Manual handling relates to the moving of items either by lifting, lowering, carrying, pushing or pulling. But it's not just a case of 'pulling something' due to the weight of the item, although this can be a cause of injury. Injuries can be caused because of the amount of times you have to pick up or carry an item, the distance you are carrying it, the height you are picking it up from or putting it down at (picking it up from the floor, putting it on a shelf above shoulder level) and any twisting, bending stretching or other awkward posture you may get in whilst doing a task.

Manual handling is one of the most common causes of injury at work and causes over a third of all workplace injuries which include work related Musculoskeletal Disorders (MSDs) such as upper and lower limb pain/disorders, joint and repetitive strain injuries of various.

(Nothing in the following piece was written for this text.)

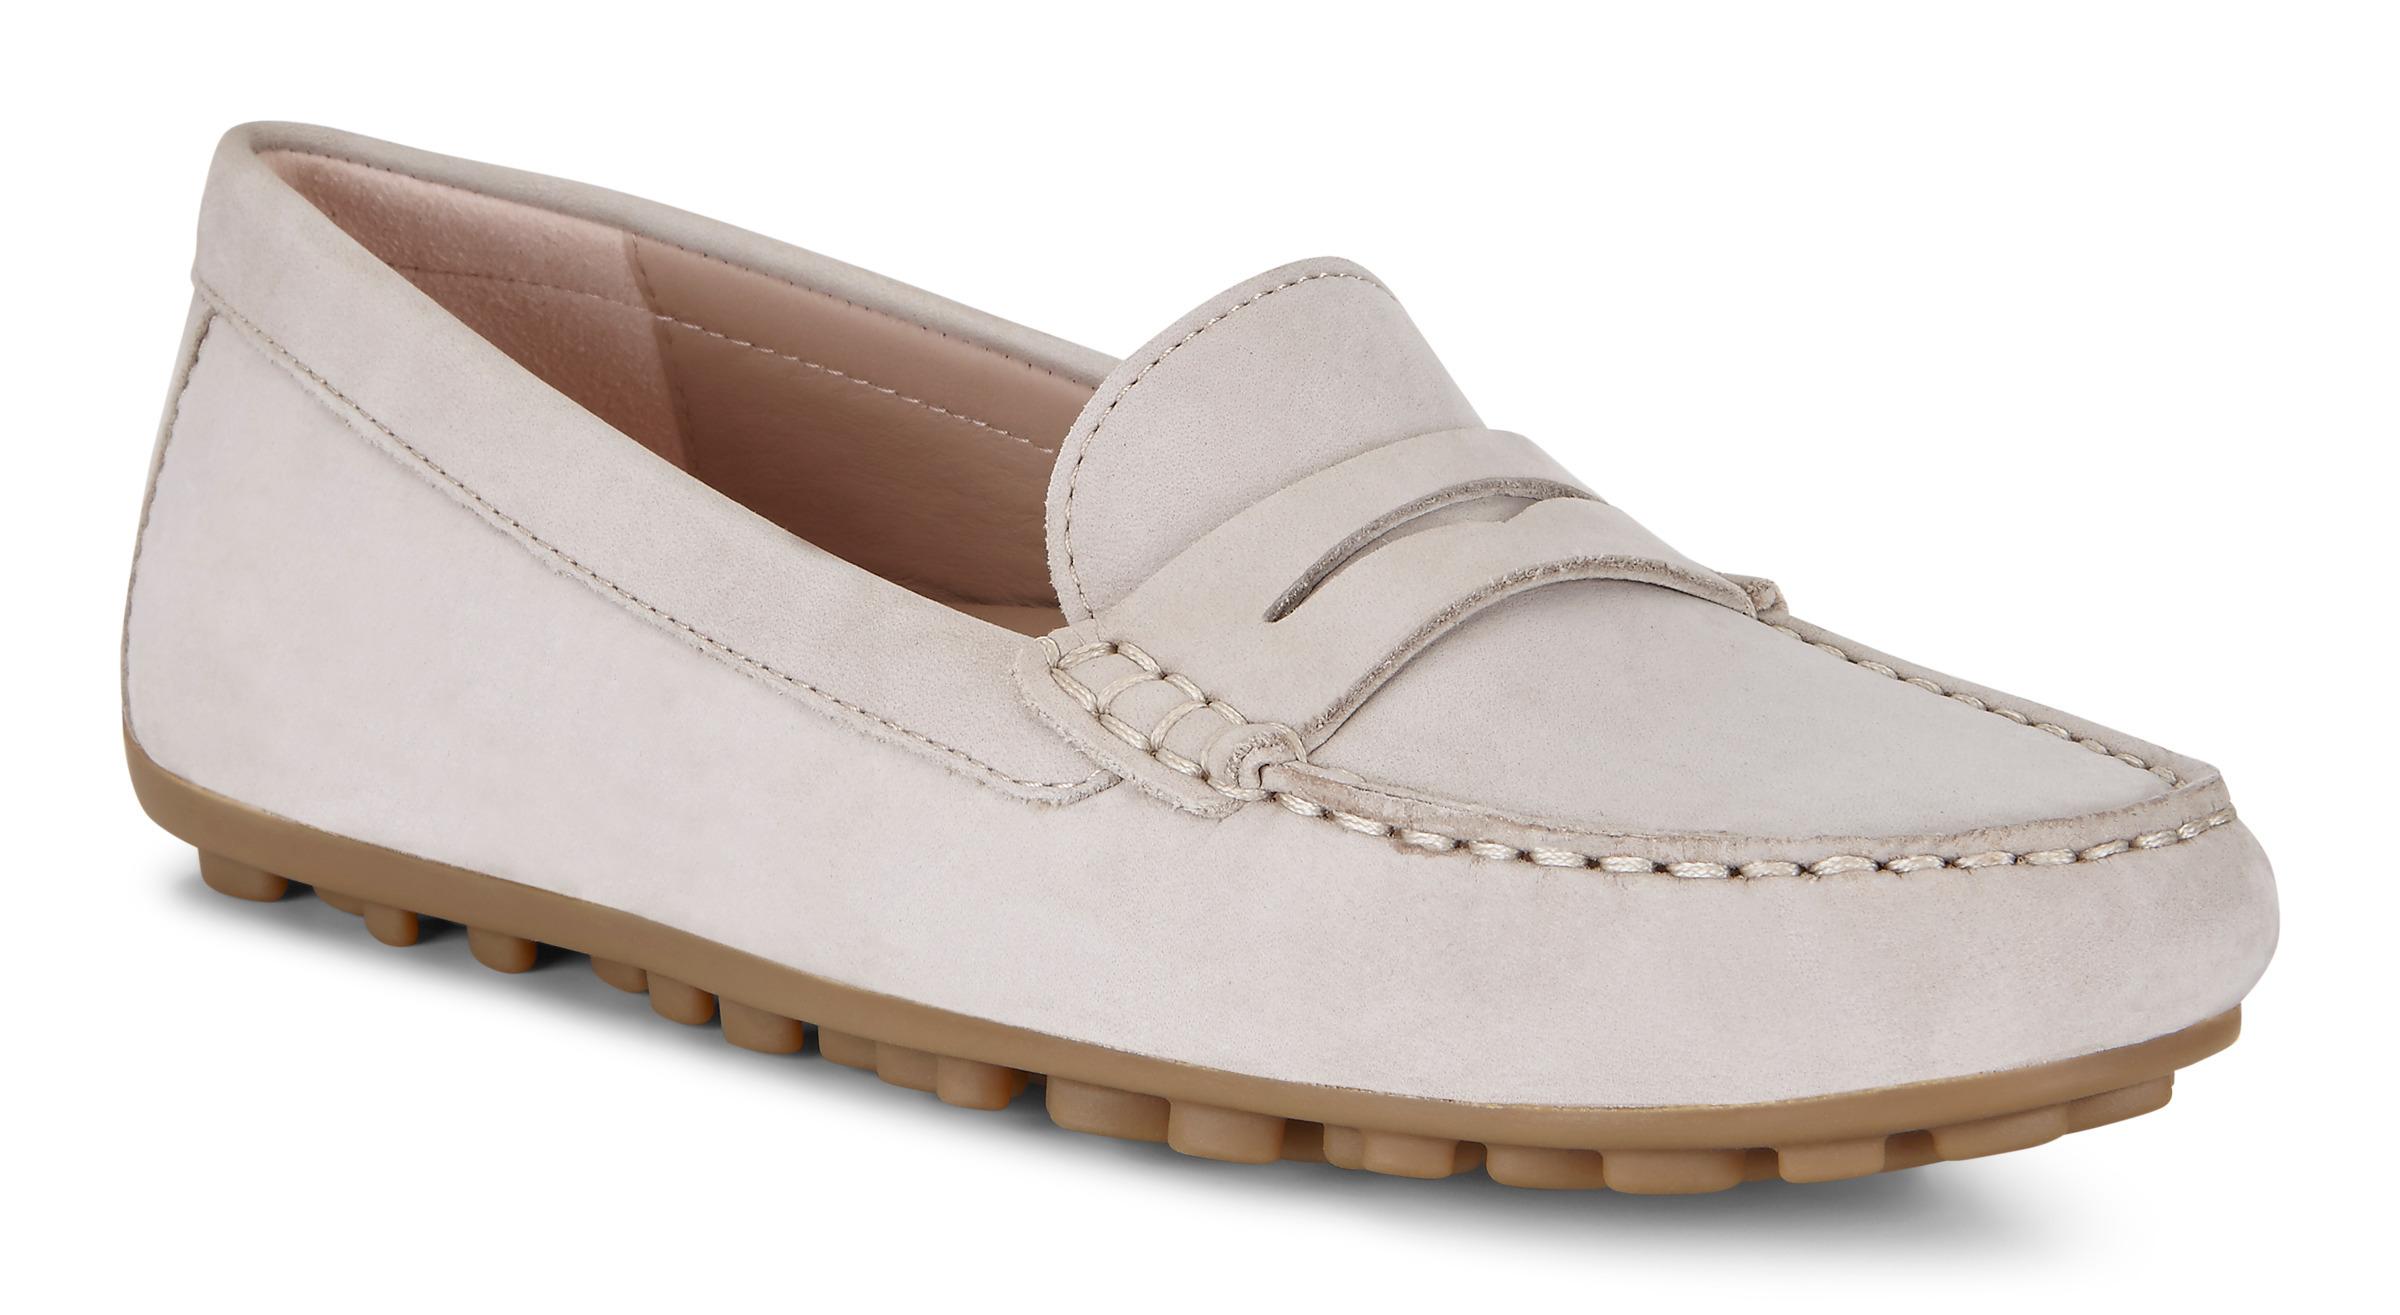 Ecco Gillian Slip On Sneaker | Slip on sneaker, Slip on

Manual handling injuries can occur almost anywhere in the workplace and heavy manual labour, awkward postures and previous or existing injury can increase the risk. Work related manual handling injuries can have serious implications for both the employer and the person who has been injured. Employers may have to bear substantial costs, through lost production, sickness absence costs of retraining, wages/overtime to cover for the absent person and potentially compensation payments. The injured person may find that their ability to do their job is affected and there may be an impact on their lifestyle, leisure activities, ability to sleep and future job prospects.

It is essential therefore that employers manage the risks to their employees. If possible you should not carry out any manual handling tasks. Where these are necessary mitigate the risk by using some equipment - trollies, fork lift truck etc.

Where tasks are essential and cannot be done using lifting equipment, conveyors or wheeled trollies/cages, a suitable and sufficient risk assessment should be conducted.

Free tools

The HSE has developed tools to help employers analyse lifting and moving (MAC tool), repetitive tasks like twisting, bending, and repeated movements (ART tool) and a push pull tool. Depending on the task, you may have to use more than one tool to fully risk assess, for example you may need to pick up a box of items (Lifting), carry it to a workstation (carrying) then distribute it to other locations such as pigeon holes or a filing cabinet (bending, stretching, repetition).